I think that’s a good number. It depends a little bit on the size of the room and the ventilation and the humidity. The New York Times carried a nice op-ed pointing out a few days ago those things matter to whether there’s a lot of transmission in buildings. So there’s no magic number, but I would say 25 is a good conservative one.

I think that implies that, yes, movie houses should be closed. It implies that theaters should be closed. We need to learn more about what happened at the Biogen meeting in the Marriott Hotel in Boston, but for business meetings like that that I’ve been to, you know, it’s not a lot of very close contact. There’s a lot of handshaking and there’s a lot of ordinary interaction between people. And that clearly spread infections to dozens of people.

So I think that indicates that there’s a real danger of accelerating the epidemic if you have large numbers of people together. So I would recommend, to the extent possible — and everything has a cost, and I think it is important to say that if there’s a meeting that for some reason is important for life or limb, that’s much more important to have than a meeting that’s important to venture capital.

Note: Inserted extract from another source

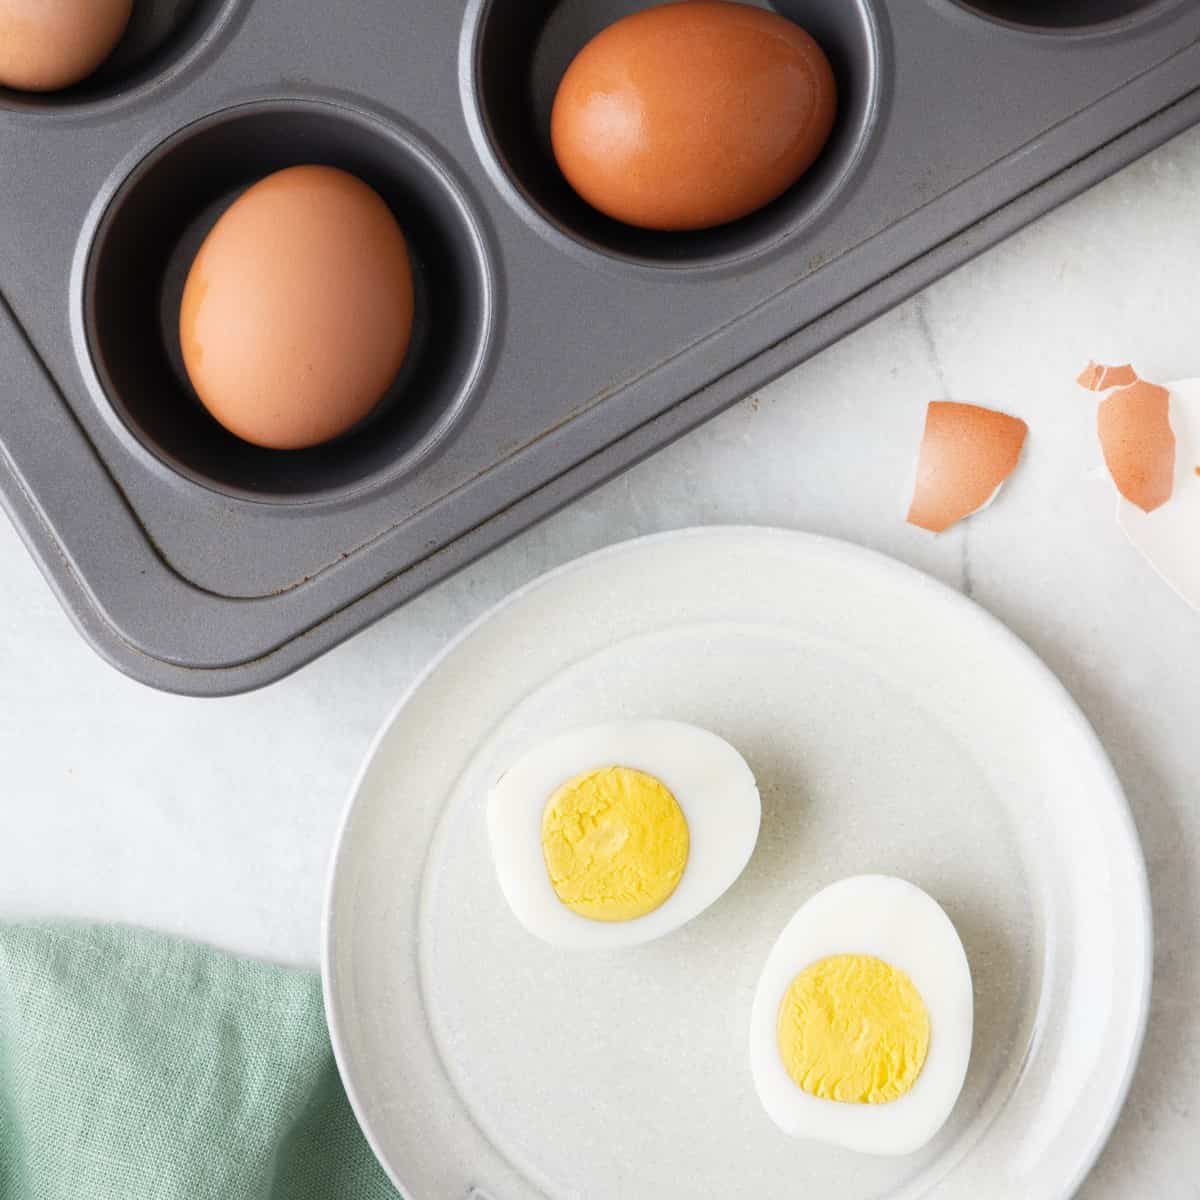 How to make hard boiled eggs in oven.

So there’s a hierarchy, and we can think about costs and benefits in individual cases. But the goal is to minimize the number of contacts between people. So houses of worship is another one. I think we are at a point where we really could have our hospital system in crisis in three or four weeks, and that what we do now will affect that. And it’s better to overreact than to under-react.

As I said, I think the other category of ways of keeping people from contacting each other, we’re not going to be able to test mild cases of illness. And increasingly, as the weather gets warmer and it’s no longer flu season and no longer cold season, if you have a respiratory infection, it will probably be COVID-19.

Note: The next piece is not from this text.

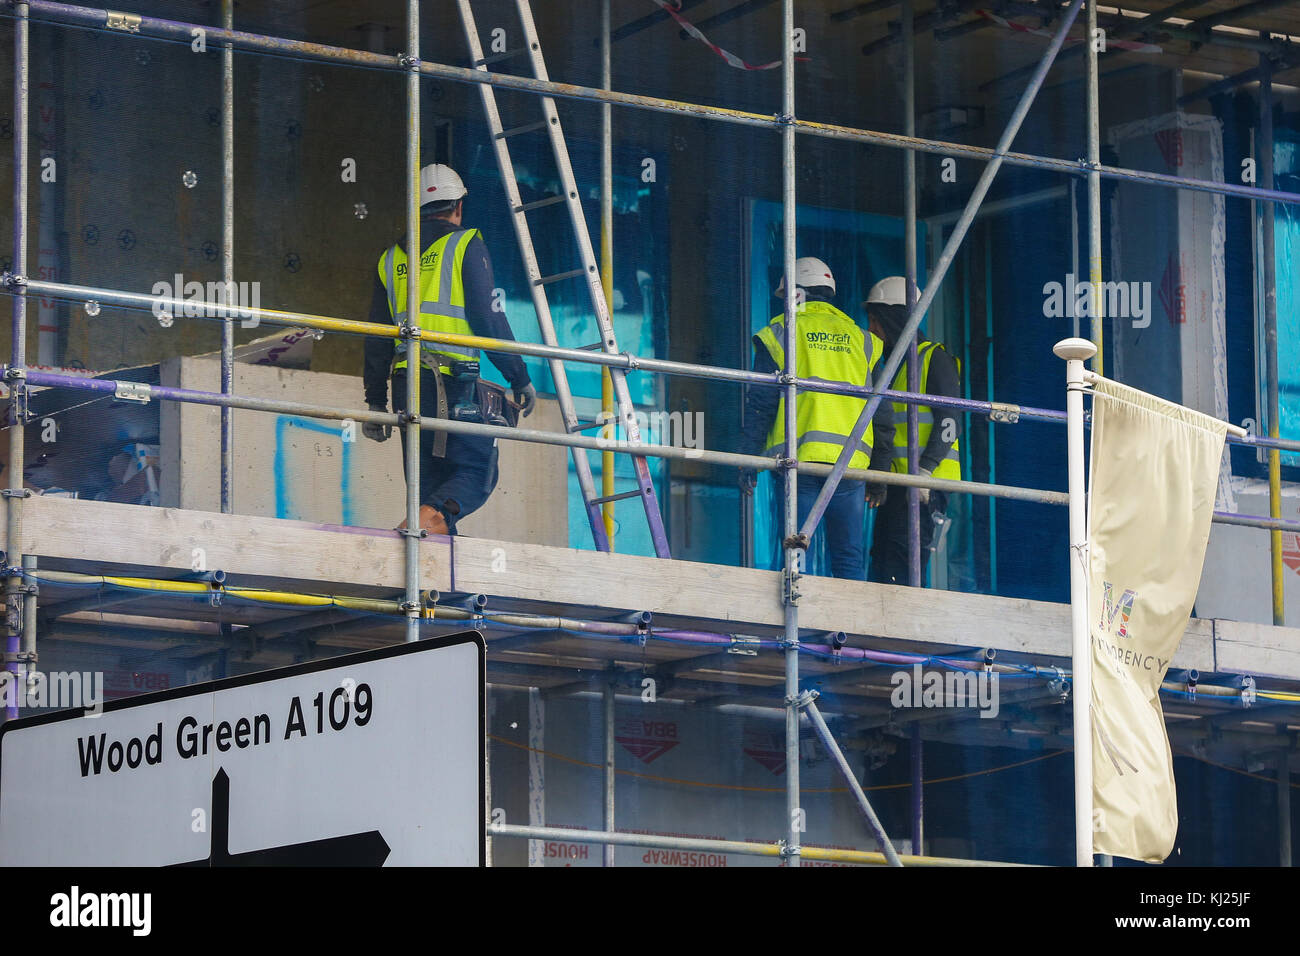 North London. UK 21 Nov 2017 - Construction workers on a new housing estate, with properties available for purchase in North London property as Britain's Chancellor of the Exchequer Philip Hammond is expected to announce plans to build 300,000 homes every year, in his autumn budget on Wednesday, 22 November 2017. It has been reported in the Sunday Times newspaper that Philip Hammond will do 'whatever it takes' to meet this target. Stock Photo

And that will become more and more true as the other ones diminish, as they do every year. So leave policies for workplaces for sick people are absolutely essential. And I’m surprised to see how little action there has been on that front so far, especially in the health care sector.

To come back to schools, one of the — I told you some of the reasons why it’s costly to close schools, especially in the United States. One of the other aspects, of course, is what is the benefit. And that’s what jurisdictions around the country are wrestling with right now. In my view, the benefit is if you were just going for disease control, you would close the schools because children do get infected.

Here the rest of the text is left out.